How many active positions at one time should I have?

August 30, 2000

That is a hard question to answer because there are many variables, the most important being do you have time to track and monitor what is going on. One of the problems less experienced and experienced investors alike have is too many outstanding investments that cannot be monitored properly: where should you sell, where put the trailing stop loss, what is the target, etc. With more experience comes the ability to look at things a bit less emotionally and just enforce your buy points, target points and stop points. You can handle more plays at that point.

One problem when the market is trending well one way or the other is the number of good-looking investments. You see them setting up and want to take advantage of each of them. While you can divide your money up and do that you have the problem of monitoring too many plays. If something happens in the market that changes the field a bit, you may not make the correct decisions to cut and run or you may not see it because you are stretched thin looking at the particulars of your own stocks. You need to do that, but you have to look at the overall market as well. I know. I have been there with a lot of option positions on many different stocks and indexes all at once. It gets hairy keeping up with them, and then emotion can start creeping back in. The market changed but I was focused on past patterns and not looking at the changing winds. I lost big time. Lesson learned.
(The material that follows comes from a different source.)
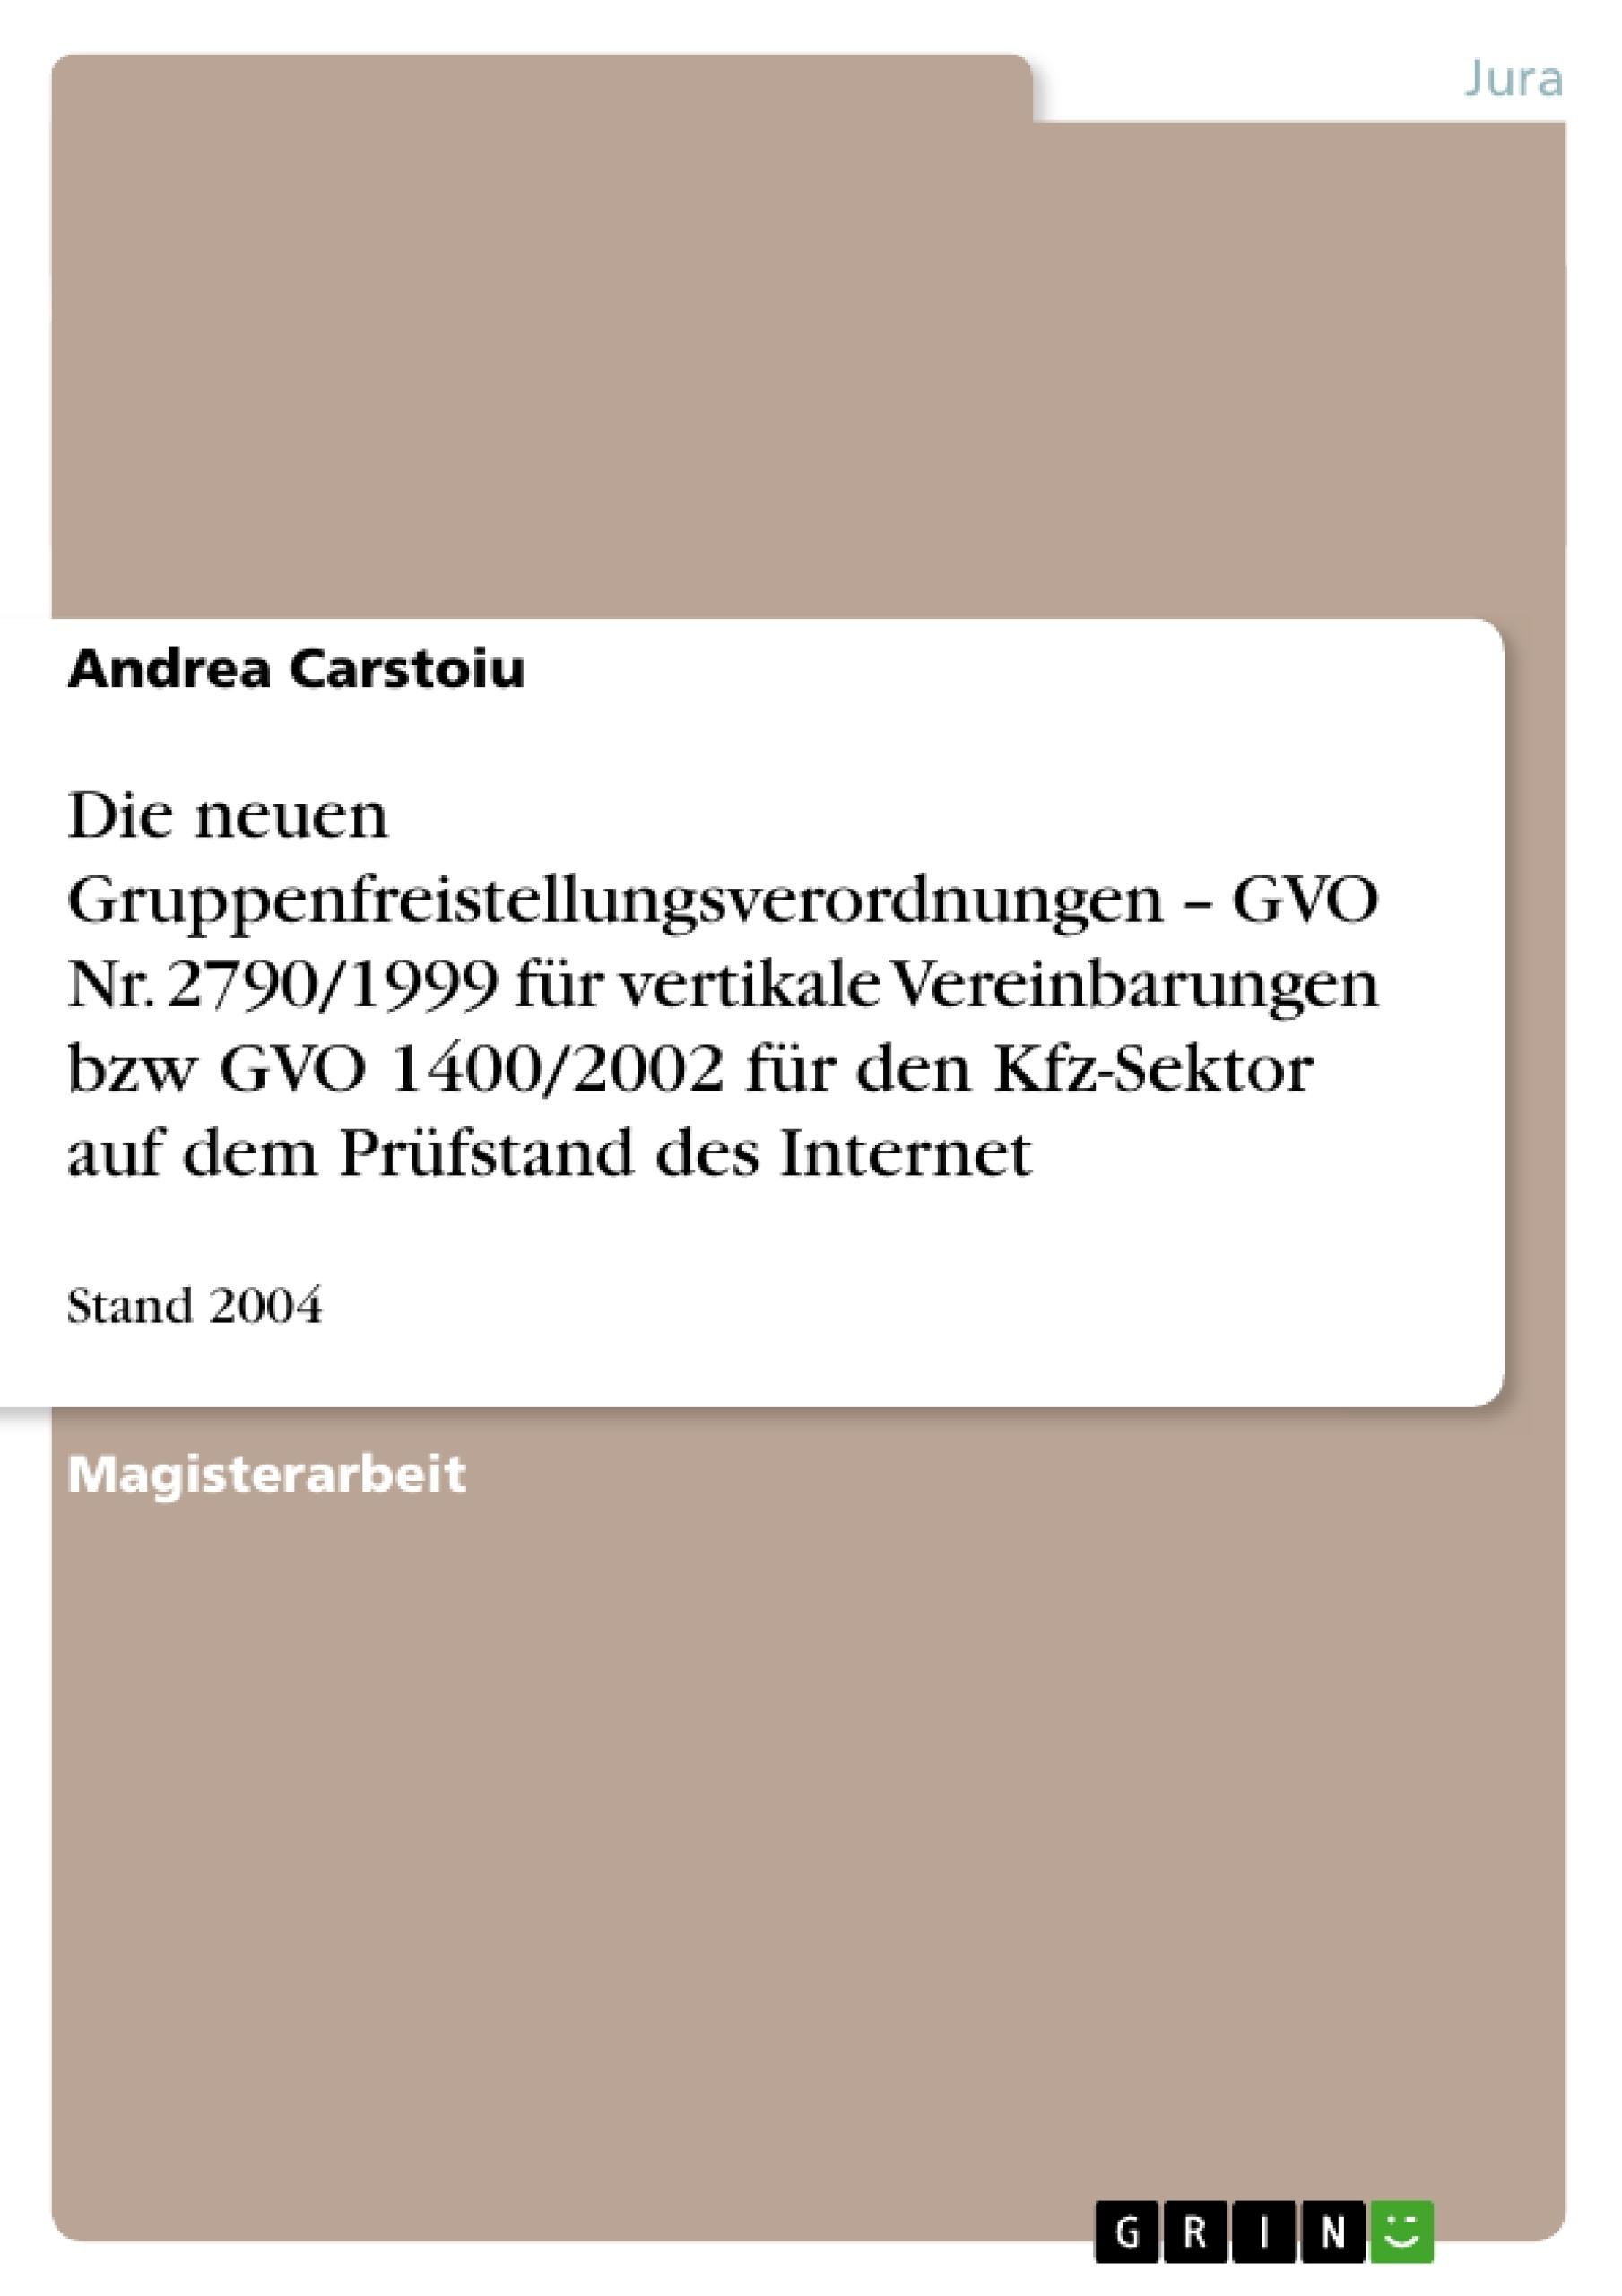 Titel: Die neuen Gruppenfreistellungsverordnungen – GVO Nr. 2790/1999 für vertikale Vereinbarungen bzw GVO 1400/2002 für den Kfz-Sektor auf dem Prüfstand des Internet

One consideration is whether you are looking at long term investments or shorter term trades. You can run a number of longer term positions that you will hold for years if they will let you and at the same time have shorter term trades. You monitor the longer term positions to make sure price/volume action is good, the trendline is in tact, etc. You can still get spread too thin even with these however. Also, we like to focus assets in the bigger winners as they continue to prove themselves and give new buy points. That is one way we limit the number of long term positions: sell the laggards and put more into the winners. This goes against the dogma you are hearing from Congress about diversification, but if you hold a ton of stocks you are basically a mutual fund. Mutual funds usually insure mediocrity. “Investment professionals” as we hear from Congress keep no more than 10% in one stock not because of prudence, but because they fear being sued if something goes amiss and they do not cut their losses. I would rather have 50% of my money in ACS when it broke out and made its big run and then sell when it started to climb over its upper channel and then began to fall than have a mutual fund that lost 20% last year or gained 10% for the entire year.

In certain market conditions it is good to get to know a few stocks and trade them consistently. You know them and know the trend and can make money playing the trend over and over. That gets to be a problem, however, when the trend breaks, yet you are emotionally attached to your ‘old favorites.’ There is that emotion coming back in to the picture. Know your stocks well, but don’t get emotionally attached. The stock does not love you; it does not know you. It is a tool to make money. Use it as long as it is doing so. When it starts to falter, jettison it.

With all of that in mind, try not to get too many irons in the fire at once. I run more trades because I have done it a long time. When I developed my system through all of the losses and bruises, I was best with a maximum of about 5 short term (days to weeks) trades. I would pick stocks that were in good patterns and/or in strong trends and play every move. Keeping up with them was easier, and I could watch the whole market. If a trend changed, I would take my money off the table or drop it if I had already done so and was waiting for the next move in the trend.